Interim report on AI development and code performance optimisation
The poker bot is dead, long live the BitSurfer! - No seriously, what happened?
The PokerBot and Poker Advisor were two very interesting projects, and I learned a lot from both! The PokerAdvisor picks up the cards from the screen, automatically inputs them into an AI and predicts the outcome of the hand. While the Pokerbot was planned to play itself - everything was prepared, but online poker was pretty much banned in Switzerland.
So it was time to move on. But what could have been the next big challenge?
I stumbled upon Coinbase, a crypto broker, where I was mostly interested in Bitcoin.
They neatly have an API through which you can connect your favorite trading software like Metatrader or the like. But no.
The plan, of course, is not to interface with our favorite trading software. Rather, it was my idea to build my own interface from scratch with my needs in mind. It was incredibly hard and a very steep learning curve, but it was certainly worth the effort.
The first alpha version is ready. The interface is very ugly, but form follows function. My idea of well-designed software is not primarily a fancy user interface. Rather, I want my software to simply do its thing. Absolutely. In the background. Nothing to install, nothing to sit in front of the screen and tell the software what to do next. Just run it and watch in fascination.
The interface essentially consists of a visualization of the market data as well as the normalized input data for the AI.
What did I learn? First, I had to connect to Coinbase. I learned a lot about APIs and fortunately with the packages available it was quite easy.

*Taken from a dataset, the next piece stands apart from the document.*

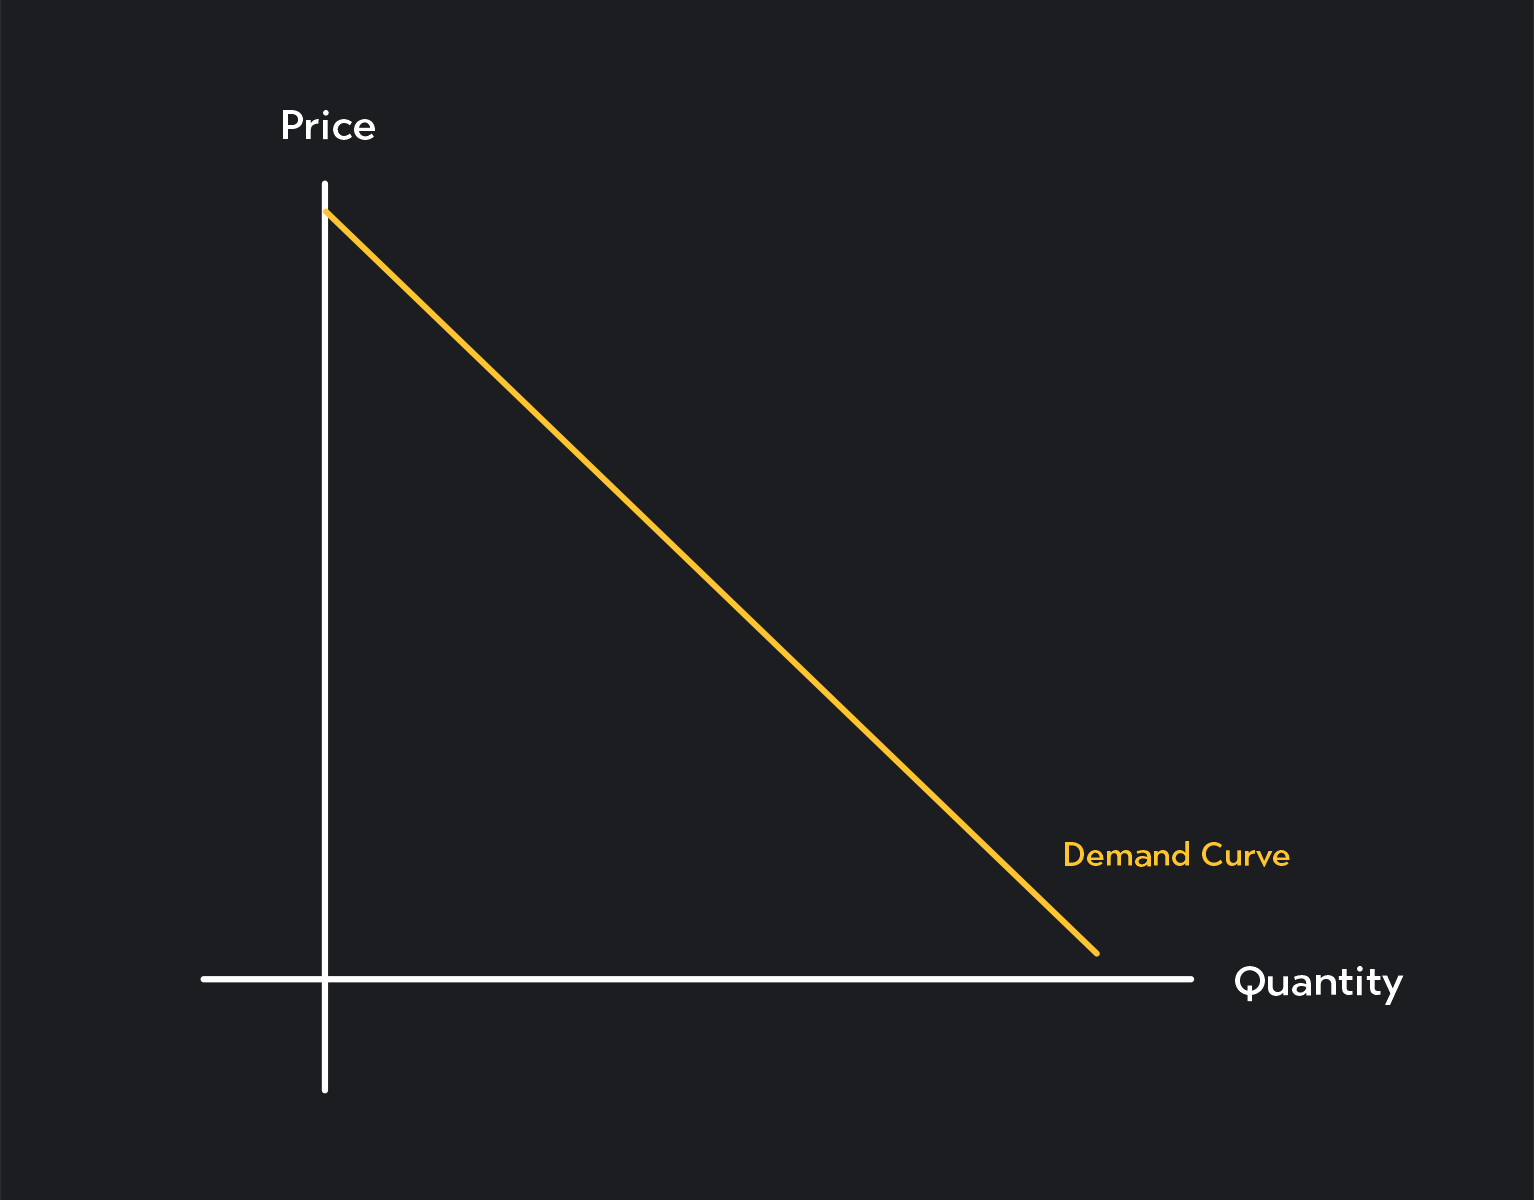 Graph showing the demand curve

Introduction to the performance aspect of programming
I had to learn a lot about data structuring for AI, and that basically involved a lot of knowledge about code performance. To the point where it gets completely insane. It was mostly about me still working on my 7 year old machine that I got back from my training. It's aged well, but you can really feel the age.... From my next imminent computer, I can expect about 10x the performance for my use cases! The processor alone is about 400% faster if it consumes a lot of threads (which I do).
I found myself in the following situation:
My code takes about a week to process 8 years of data (each data point is 2s ~ 126,000,000 price points). Meanwhile, the next generation of processors and graphics cards is only a few months away and very promising.
The amount of data to be processed is immense, and so I got into code performance optimization. I already had some experience with multi-threaded workers to handle multiple tasks simultaneously. As a result, I already had a little less than 3.5x performance since my CPU has 4 cores. It was now taking two days to process 8 years worth of data. That was still too much. When I run backtests, I want to see the results. And I want them fast.
I had to look more into performance optimization and developed my own worker abstraction based on the task in C#. Basically, it implements a fabrication method I learned in my internship at INA Lahr. It's like having a machine (or worker) with an input queue and an output queue. The queue acts like a buffer and can help each cpu core distribute work evenly. It's like a modular, scalable worker pipeline where workers can take items from a queue or bag and process them.
This also gave a big performance boost. I was now able to process all the data in about a night, but I decided to replicate it even further just to see how far it could go. I subscribed to a Visual Studio extension "dotTrace" which works great at finding bottlenecks within code. You can record a trace and then see function by function how long it takes to execute. I found a feature I wasn't expecting at all - the output string builder throttled the entire pipeline. You can read more about this in thestack overflow question
All in all, the process is quite simple:
- Identify the greatest power load
- Eliminate it
- Keep doing this until you have a reasonable performance.
In the example above, this would be the CLR worker process with ID 10584. This sounds a bit confusing at this point, but JetBrains has the call tree on the right where we can see which function is being used:
Conclusions and takeaways
I know there would be more power in this area, but for now I'm pretty happy with the result.
Right now, 2 years flies by in less than 4 minutes, and I've shifted gears if the actions are to be watched more closely.
The equity line as well as the statistics are also saved. It is possible to simulate / run as many accounts and strategies as you want, with only a small drop in performance.
I have already tried different strategies with indicators and so on. Without promising results. After all, I found a winning strategy that does none of these things instead. It neither follows the trend nor bets against it. It doesn't try to predict anything. Neither the perfect entry point nor the perfect exit. It's quite simple, but I won't go into the details of the strategy. Think outside the box and you may find something.
That's a whopping 20% annual return. To be fair, I would have made more room with the buy-and-hold strategy, but on the other hand, I'm not predicting anything, we don't have these insane spikes (and tumbles).
Now that's something I can build on and see what's possible and what's not. A complete market simulation in the sandbox. A test environment with almost unlimited possibilities.
That's it for today, and I hope you enjoyed the glimpse into some of my ongoing projects.